Segment Start: Given data

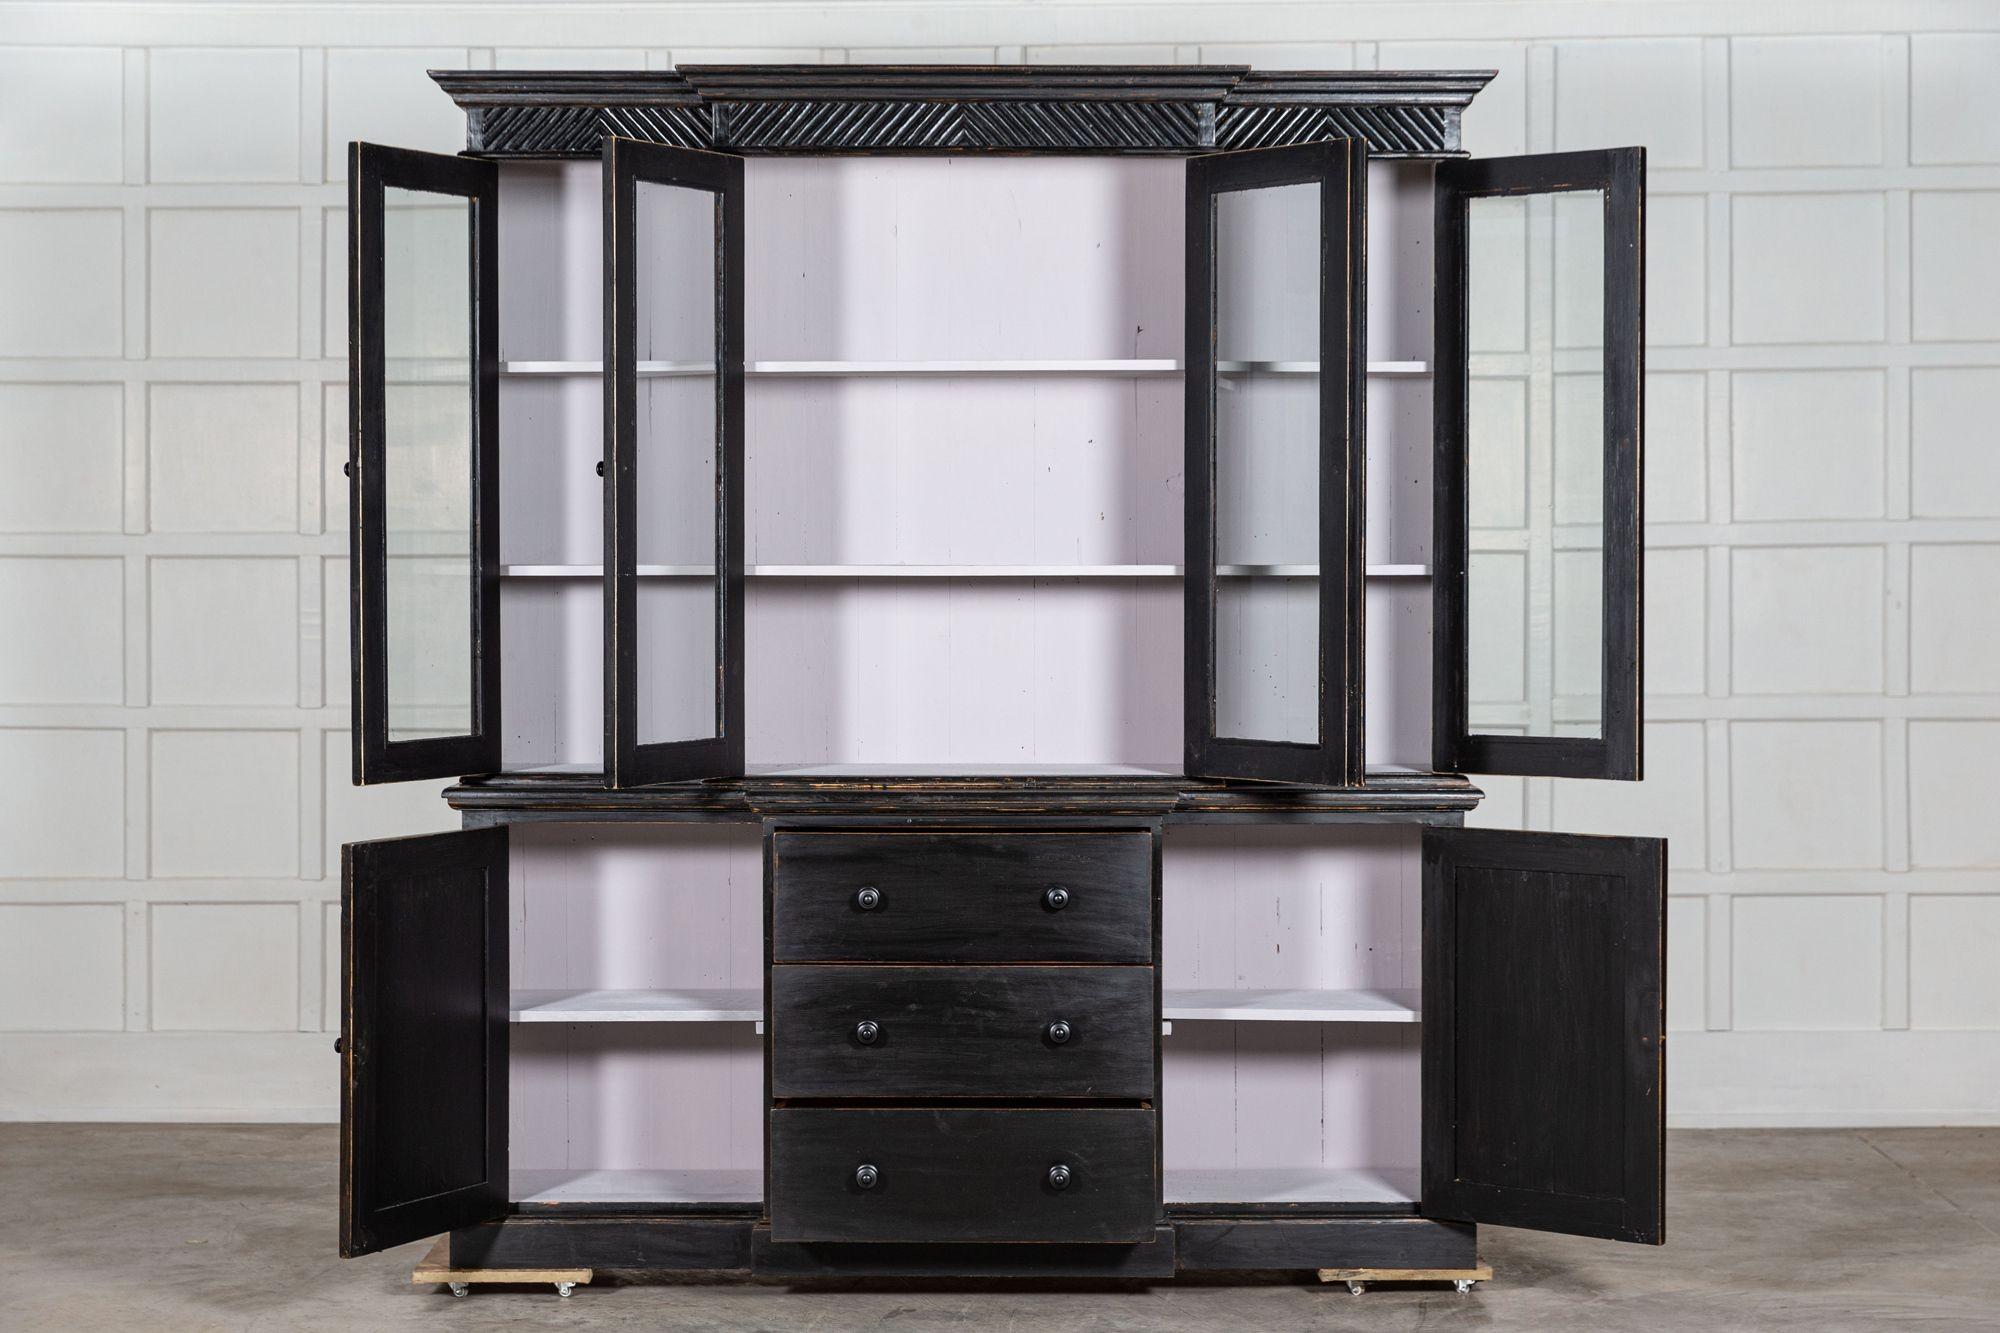 circa Mid-20thC
Large English Ebonised glazed pine breakfront bookcase cabinet
We can also customise existing pieces to suit your scheme/requirements. We have our own workshop, restorers and finishers. From adapting to finishing pieces including,

Segment End: Given data

## Exercise details:
Every line between the one holding "Large English Ebonised" and the end of the listing above, inclusive, must be transcribed exactly; omit all others.

## Solution to the exercise:
Large English Ebonised glazed pine breakfront bookcase cabinet
We can also customise existing pieces to suit your scheme/requirements. We have our own workshop, restorers and finishers. From adapting to finishing pieces including,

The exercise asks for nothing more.